Hinterm Horizont – Teil 12.

Und dann holte uns die Kreativität doch noch ein. Verborgen im Abfall waren Kanister mit Flüssigkeiten und Pulvern gewesen. Jede für sich harmlos, doch in der Kombination leicht entzündlich. Die Explosion zerstörte den Reißwolf der Wiederaufbereitungsanlage und Enyas linke Körperhälfte. Mit viel Ausdauer hatten die Roboter versucht uns vor genau diesen Situationen zu schützen und sie vor uns zu verheimlichen doch vom einen Moment auf den anderen war nichts mehr, wie es einmal war. Unsere eigene Art hatte uns verraten und den Krieg erklärt. Nicht die Roboter waren es gewesen, obwohl die Geschichten der letzten zweihundert Jahre immer davor gewarnt hatten. Nicht sie waren die Bösen gewesen, sondern Menschen, die es nicht verkraften konnten, dass sich ihr Horizont geändert hatte.

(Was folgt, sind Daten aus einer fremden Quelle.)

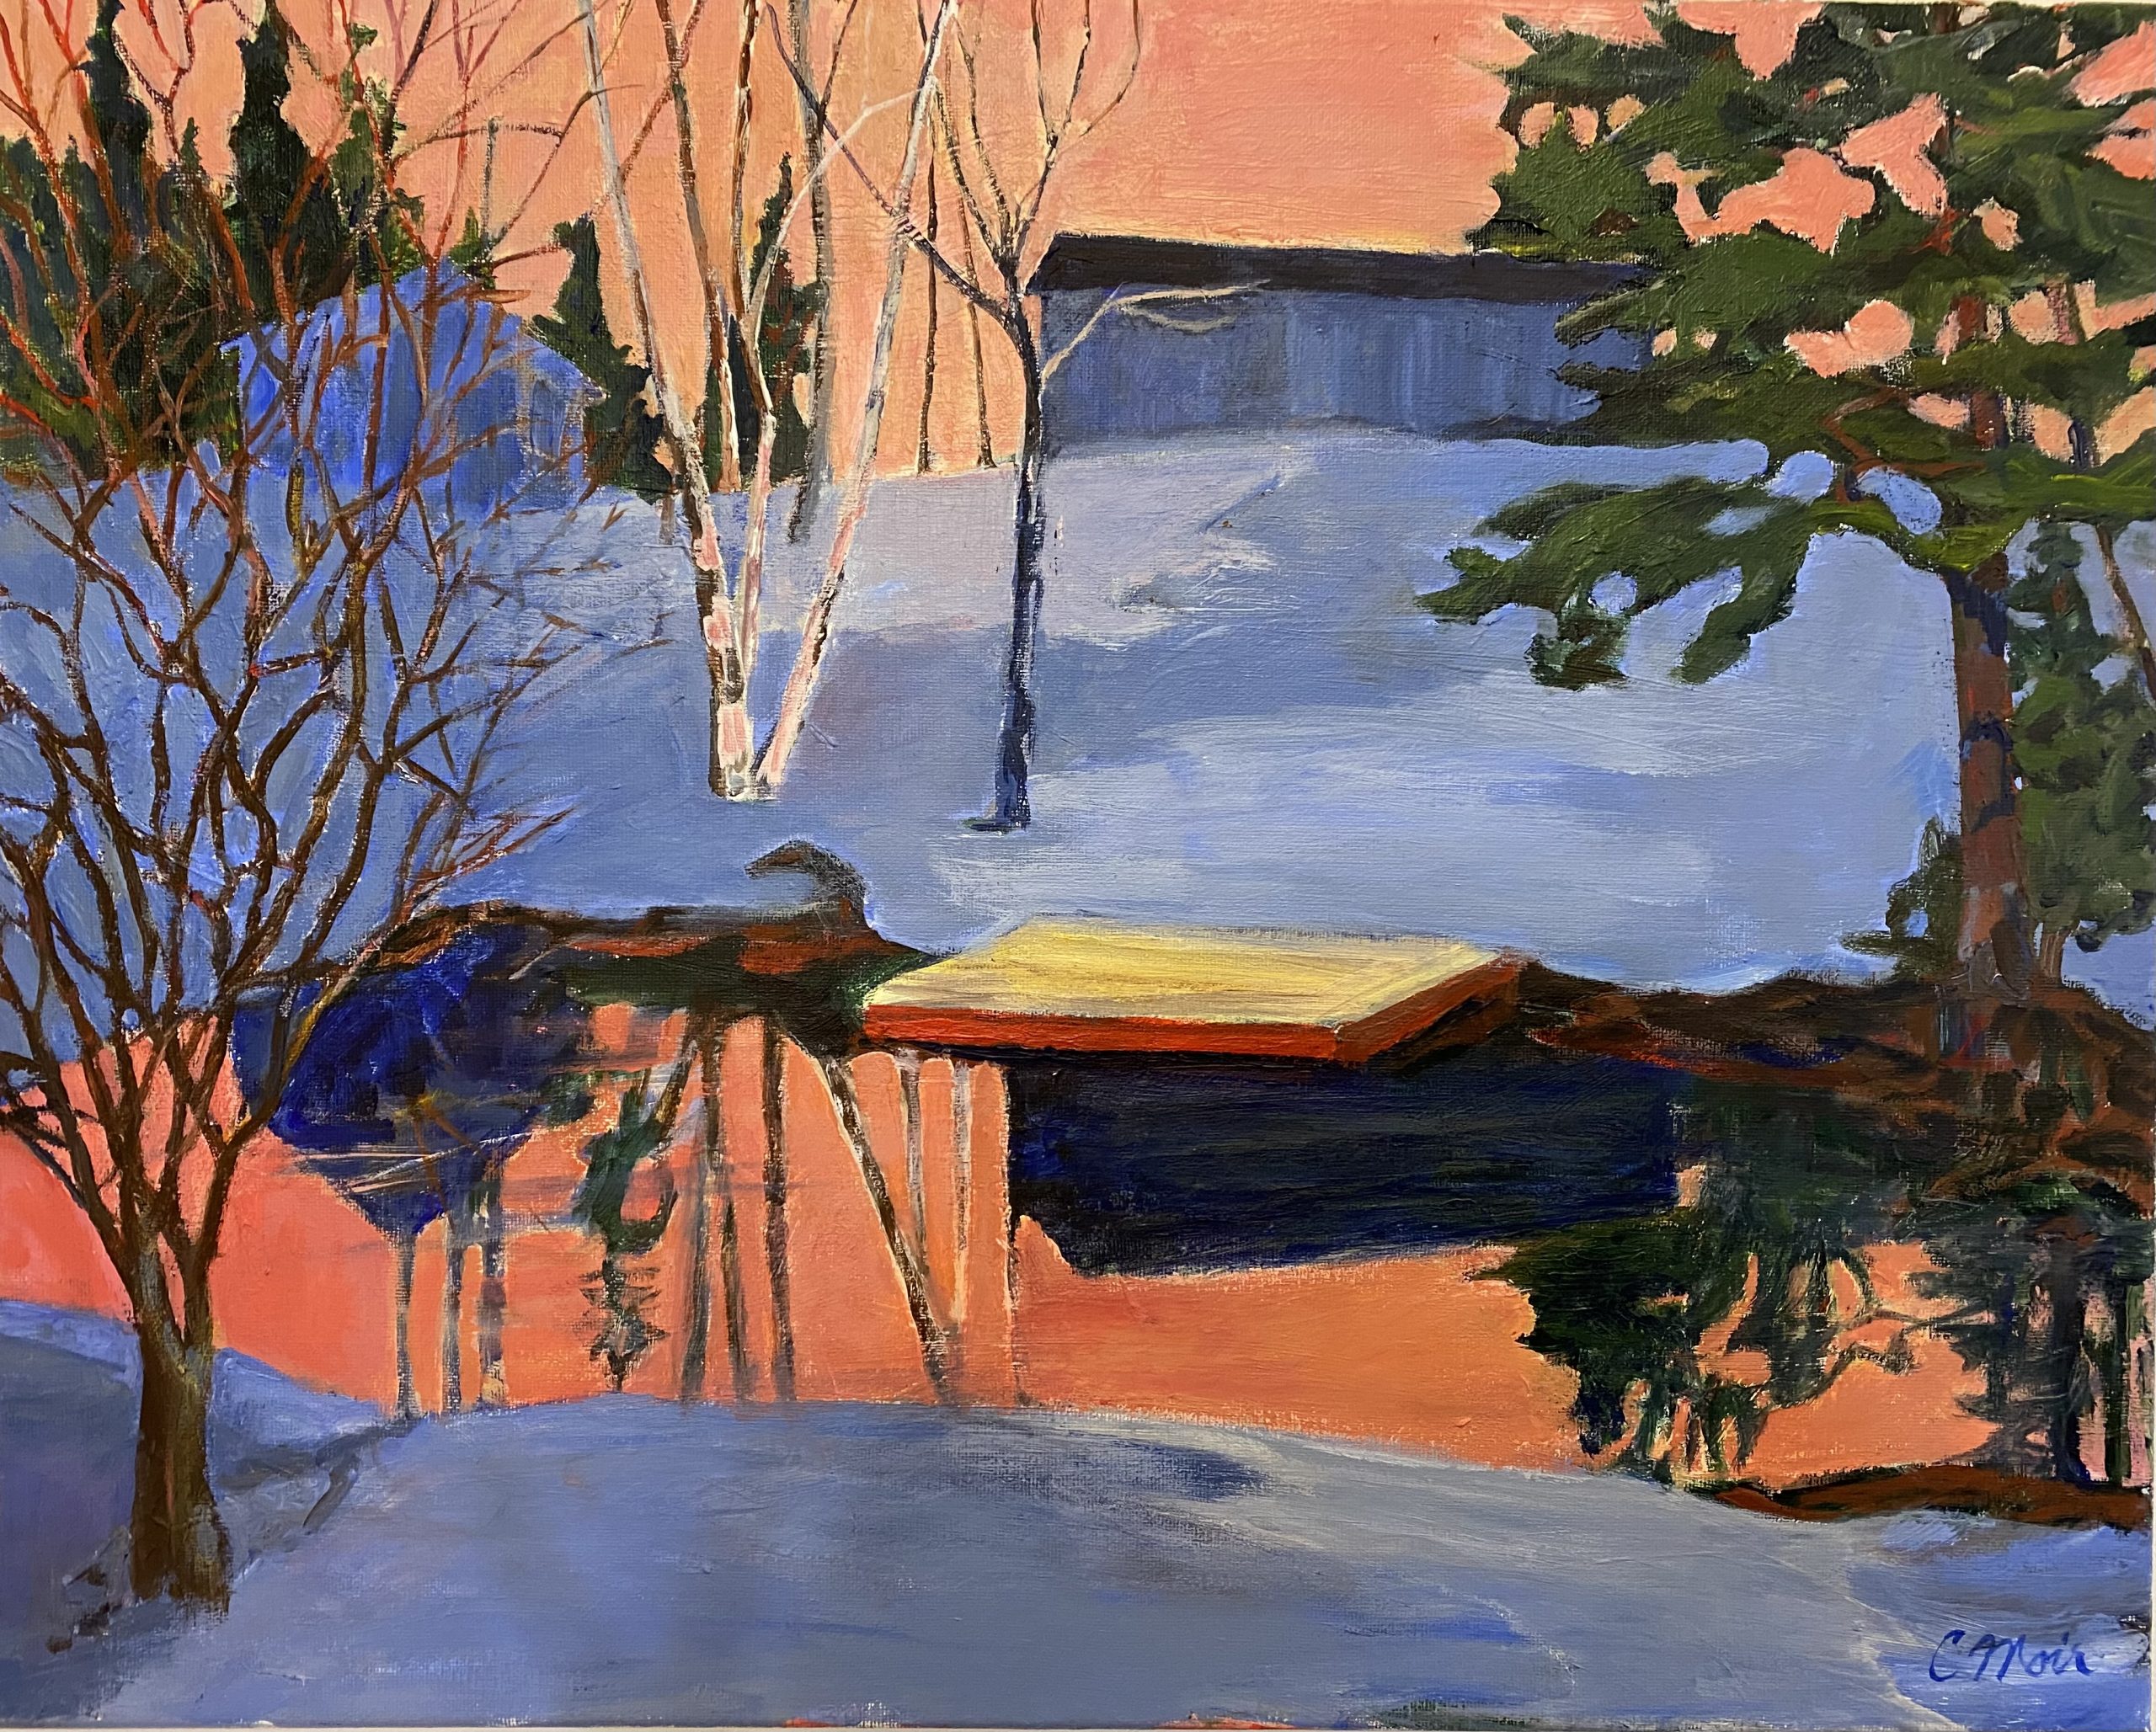 A painting of a late winter afternoon of the hillside and the small pond in her back yard during the COVID pandemic.

Über eine Woche verbrachte Enya auf der Intensivstation und wir alle arbeiteten mit Hochdruck daran, sie zu retten. Die Schäden an ihren Organen und der gesamten linken Körperhälfte waren enorm. Nur einige wenige Komponenten konnten in den Biodruckern aus geklonten Zellen regeneriert werden, doch sie waren langsam. Für den Rest nutzten wir Bobs Baupläne und Erfahrungen, um neue Körperteile künstlich zu bauen. Alle arbeiteten Hand in Hand, rund um die Uhr, und das Ergebnis war ein Satz von Prothesen von einer Qualität, dass selbst unsere Androiden neidisch darauf waren.

Für Enya war es dennoch ein Erwachen im Schock. Bob hatte sich noch selbst für den kybernetischen Organismus entschieden, aber bei ihr war es aus den Umständen heraus die einzige Möglichkeit gewesen, ihr Leben zu retten. Sie war nicht darauf vorbereitet gewesen, egal in welcher Form.

Umso erstaunlicher war es, dass sie kaum Schwierigkeiten mit der Ansteuerung hatte. Ihr Problem bestand einzig und allein in der Akzeptanz. Mich selbst erfüllte dieser Umstand mit unglaublichem, heimlichem Stolz. Das neuronale Netz war mein Bereich gewesen und ein Meisterstück.

Immerhin hatte ich in meiner freien Zeit versucht die Verbindung zwischen Mensch und Maschine so weit zu perfektionieren, dass ich mich trauen würde, es bei mir selbst einzusetzen. Ich hatte zwar das Gefühl, noch meilenweit von einem umsetzbaren Entwurf entfernt zu sein, aber in der Situation war Zögern keine Option. Also baute ich das, was ich bisher an Wissen und Fähigkeiten gesammelt hatte, in die Prothesen ein und betete, dass es gut gehen würde. Es war ein ungeplanter Feldtest und ich hätte mich wohl kaum gewagt, das Netz freizugeben, wenn nicht das Schiff selbst die Arbeit überprüft und für gut befunden hätte.

Es dauerte nur Tage, bis Enya sich an ihre neuen Körperteile gewöhnt hatte. Natürlich gab es anfänglich noch Schwierigkeiten und Probleme. Einige Einstellungen waren noch nicht justiert worden und der Ellenbogen bewegte sich nur unsauber, aber nachdem dies alles überwunden war, lernte sie, damit umzugehen. Das künstliche Nervennetz war so gebaut, dass es direkt an die alten Verbindungen anschloss. So war kaum eine Umgewöhnung nötig und sie konnte sich weiterhin unbewusst und mit kaum Einschränkungen bewegen. Dennoch hasste sie ihre Erweiterungen.

Für mich aber war der Beweis erbracht, dass neuronale Netzwerke funktionieren konnten, und zwar besser als die rudimentären Systeme, die Bob konstruiert hatte. Aber es stand immer noch die Frage im Raum, ob die Kommunikation zwischen einem menschlichen Gehirn und dem Computer genau so gut funktionierte. Bei Enya und Bob waren es jeweils nur primitive Kommunikationswege zu den Prothesen gewesen. Bob musste, um seine erweiterten Funktionen nutzen zu können, die Werkzeuge aktiv und bewusst ansprechen.

Was ich wollte, würde weiter gehen müssen. Erweiterungen mussten sich in den Organismus einfügen, als hätten sie nie gefehlt. Ich wollte gemeinsam mit der Maschine denken können, über einen Anschluss mein Gedächtnis um die Datenbanken des gesamten Schiffs erweitern können, mit einem tragbaren Computer meine eigenen Fähigkeiten verbessern.